YOUR ASSIGNMENT: Starting at the line with "1953 Ford Victoria", return every line through the final one of the data, word for word. Pictures stay out.

MATERIAL PROVIDED:
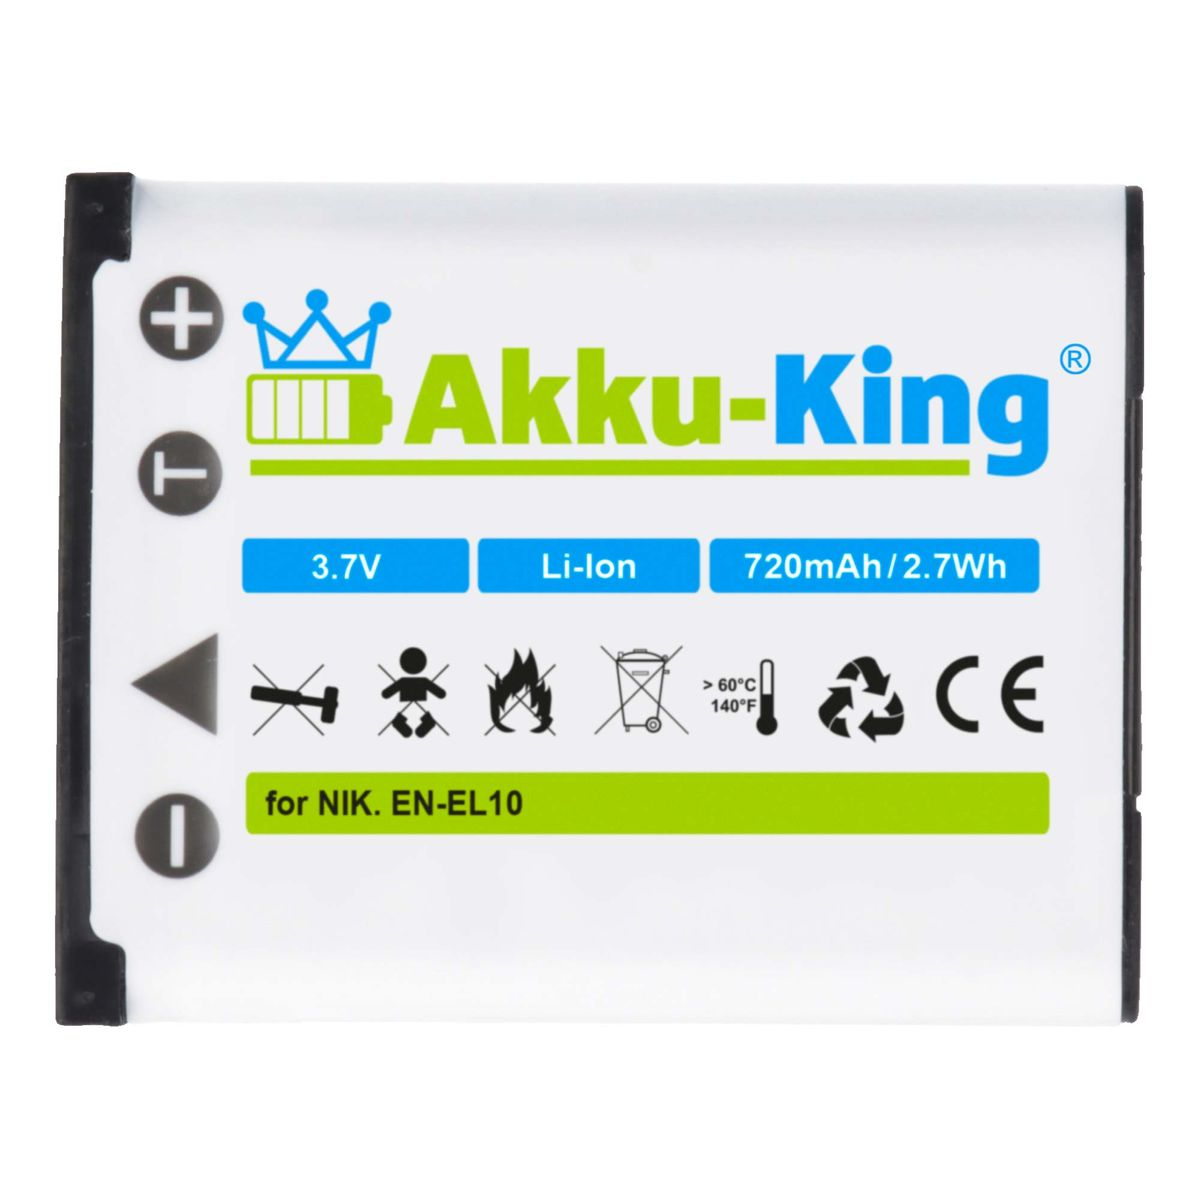 Akku 3.7 EN-EL10 Li-Ion 720mAh mit Volt, AKKU-KING Nikon kompatibel Kamera-Akku,
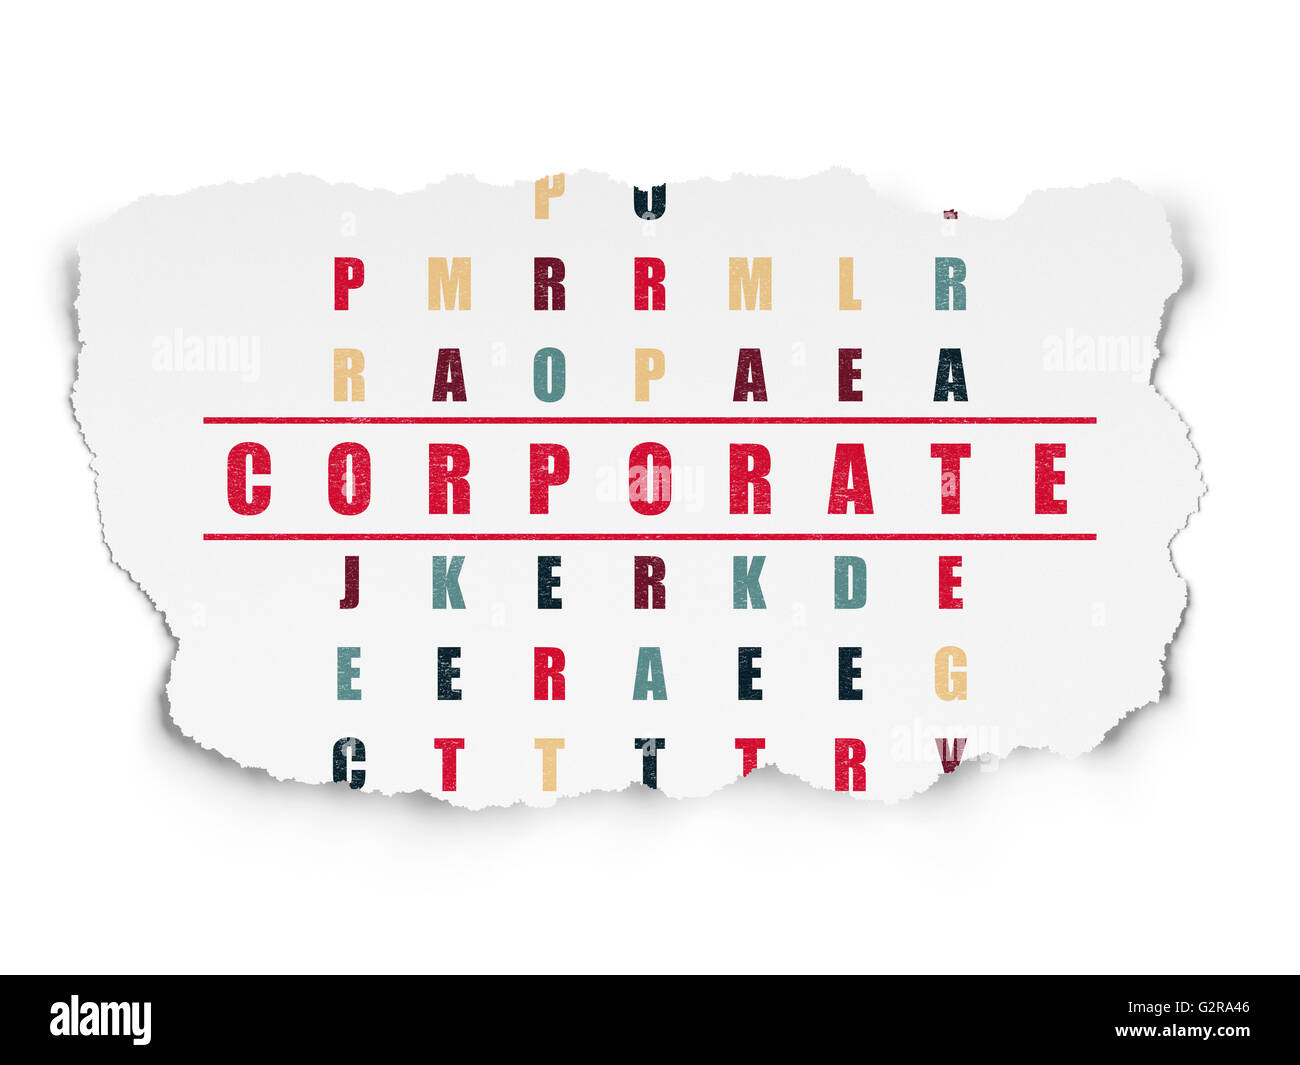 Finance concept: Corporate in Crossword Puzzle Stock Photo Alamy
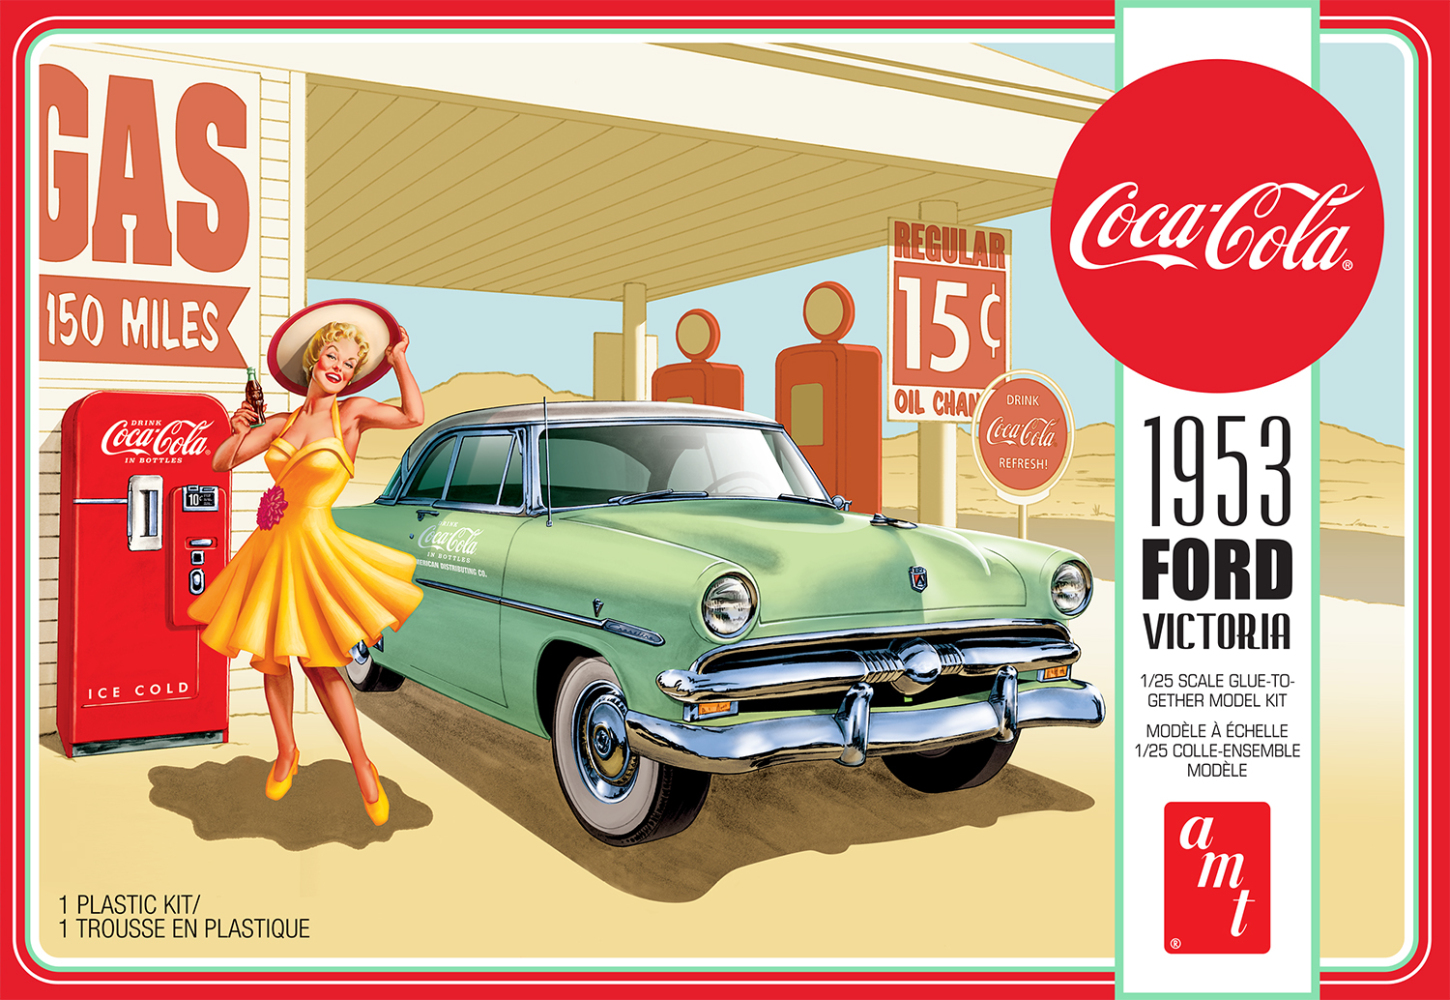 1953 Ford Victoria Hardtop with Coca-Cola Machine
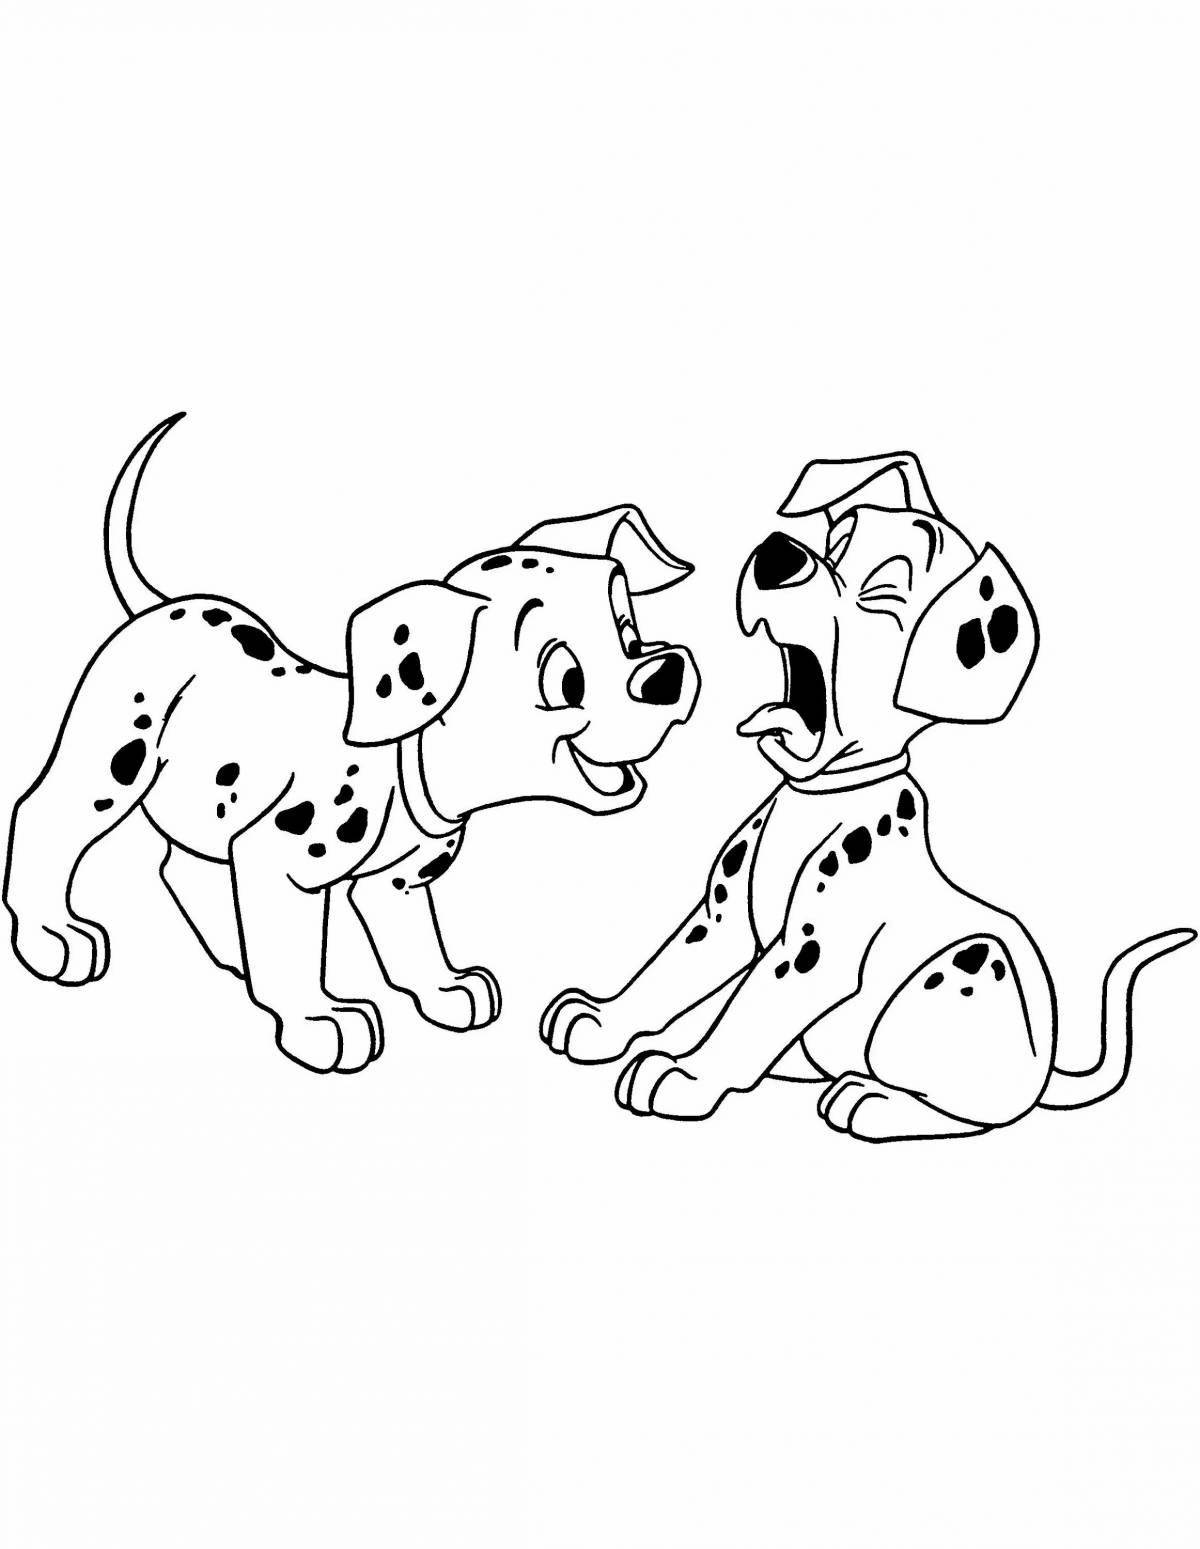 Animated dalmatian dog coloring book

SOLUTION TO THE PROBLEM:
 1953 Ford Victoria Hardtop with Coca-Cola Machine
 Animated dalmatian dog coloring book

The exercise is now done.